As far as actual procedure goes, the Senate is now required to have 20 hours of debate, after which they will vote on amendments and substitutes (alternative bills like the ORRA and the skinny repeal).
Again, it’s not yet clear which bill the Senate is actually planning to amend yet, but each of the three options (that we know of) would leave tens of millions of people without health insurance.
And that’s what it comes down to.
Burr and Tillis will vote yes on whatever the final version of the bill ends up being. They do not veer off course. They do not make the list of Senators that is frantically circulated whenever something momentous is about to happen. They do not feel endangered by the outcome of this vote or any other vote like it.
They see the numbers.

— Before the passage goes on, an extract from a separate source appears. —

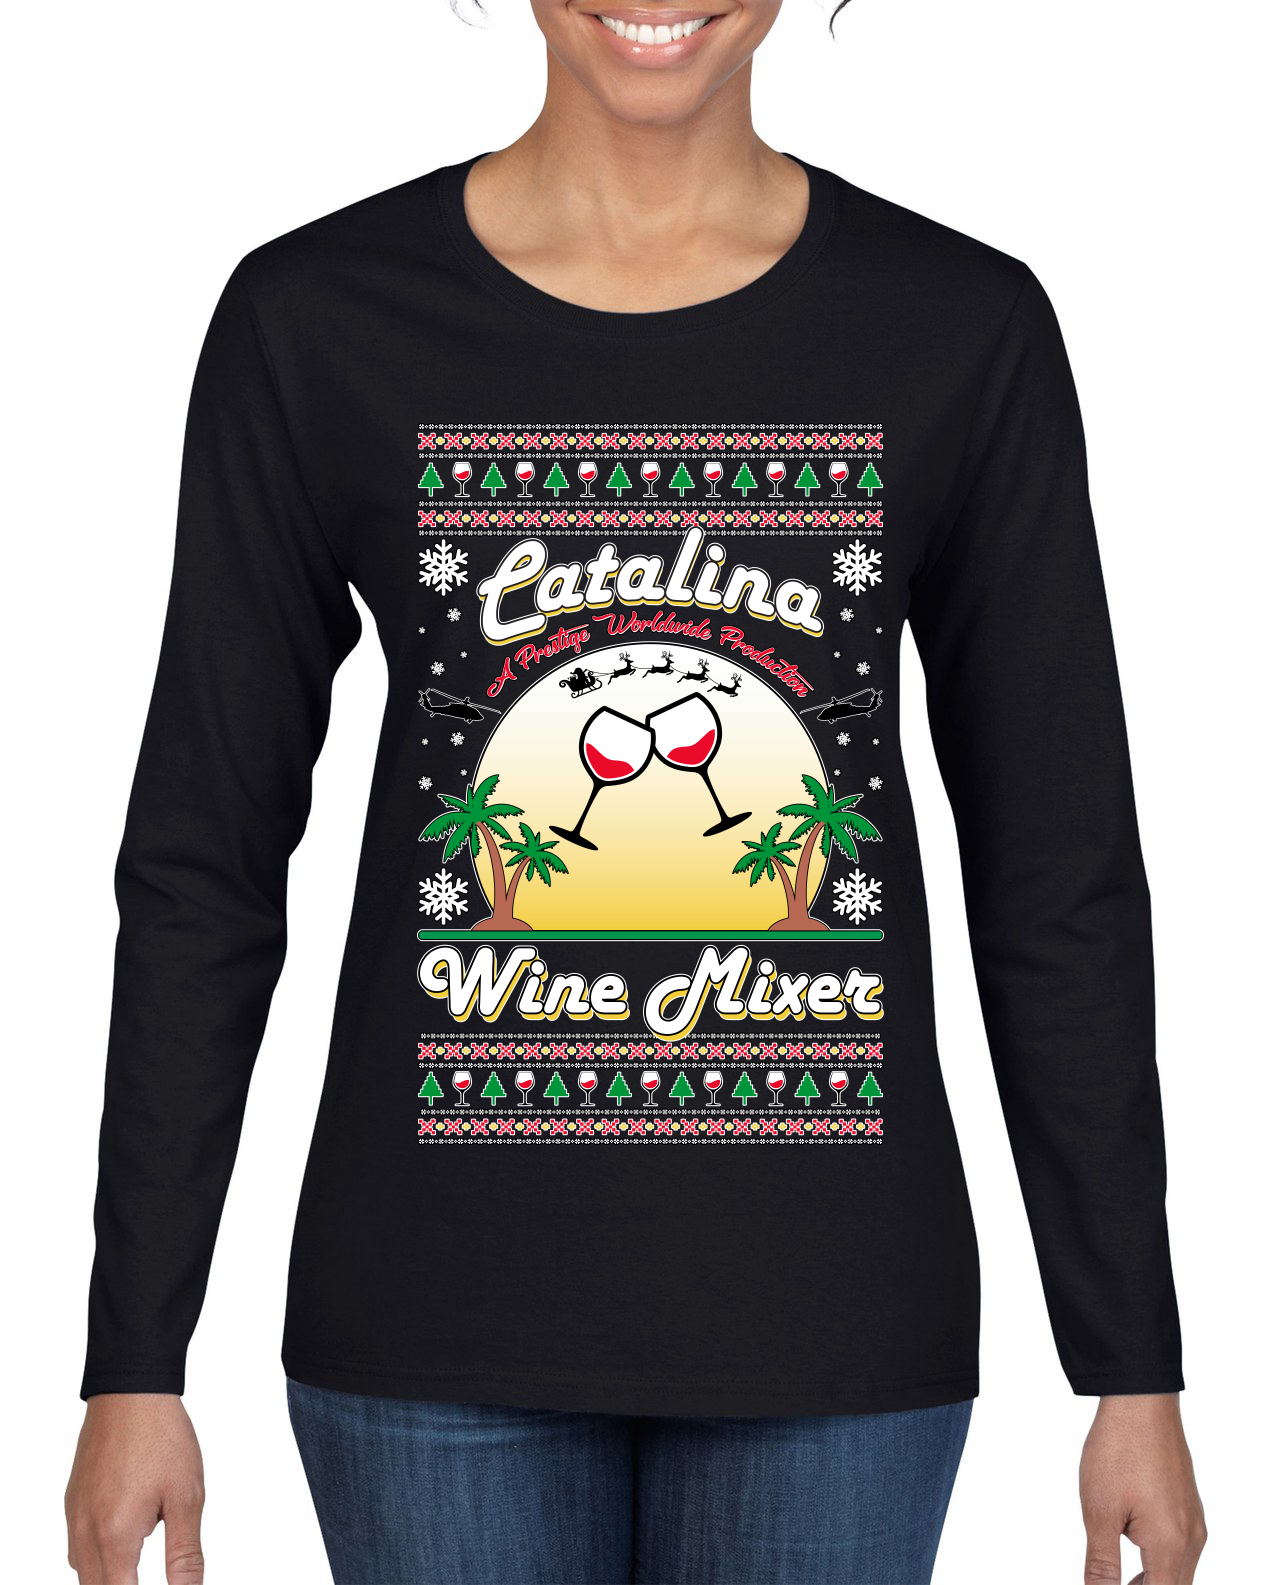 Wild Bobby Step Bros Catalina Wine Mixer Xmas Holiday Movie Humor Ugly Christmas Sweater Women Graphic Long Sleeve Tee, Black, Small - image 1 of 5

They see the estimates. But they do not see the people who will endure hardship or worse.
Everyone can see when it’s someone they love, or someone they know. You know a grandparent who has been in the hospital recently. You know a friend’s mom who needed a transplant. You know a child born with some sort of condition or disability.
But not everyone sees beyond their circles. You might not see a family who still can’t afford health insurance because their state didn’t choose to expand the Medicaid coverage offered by the ACA. You might not see the people who resort to crowdfunding for lifesaving procedures. You might not see your neighbor living above you with multiple sclerosis.
But you should.
Everytime I see those numbers, I think of my neighbor and the millions of people like him. And when I call and write to our representatives, I will ask that they see them, too.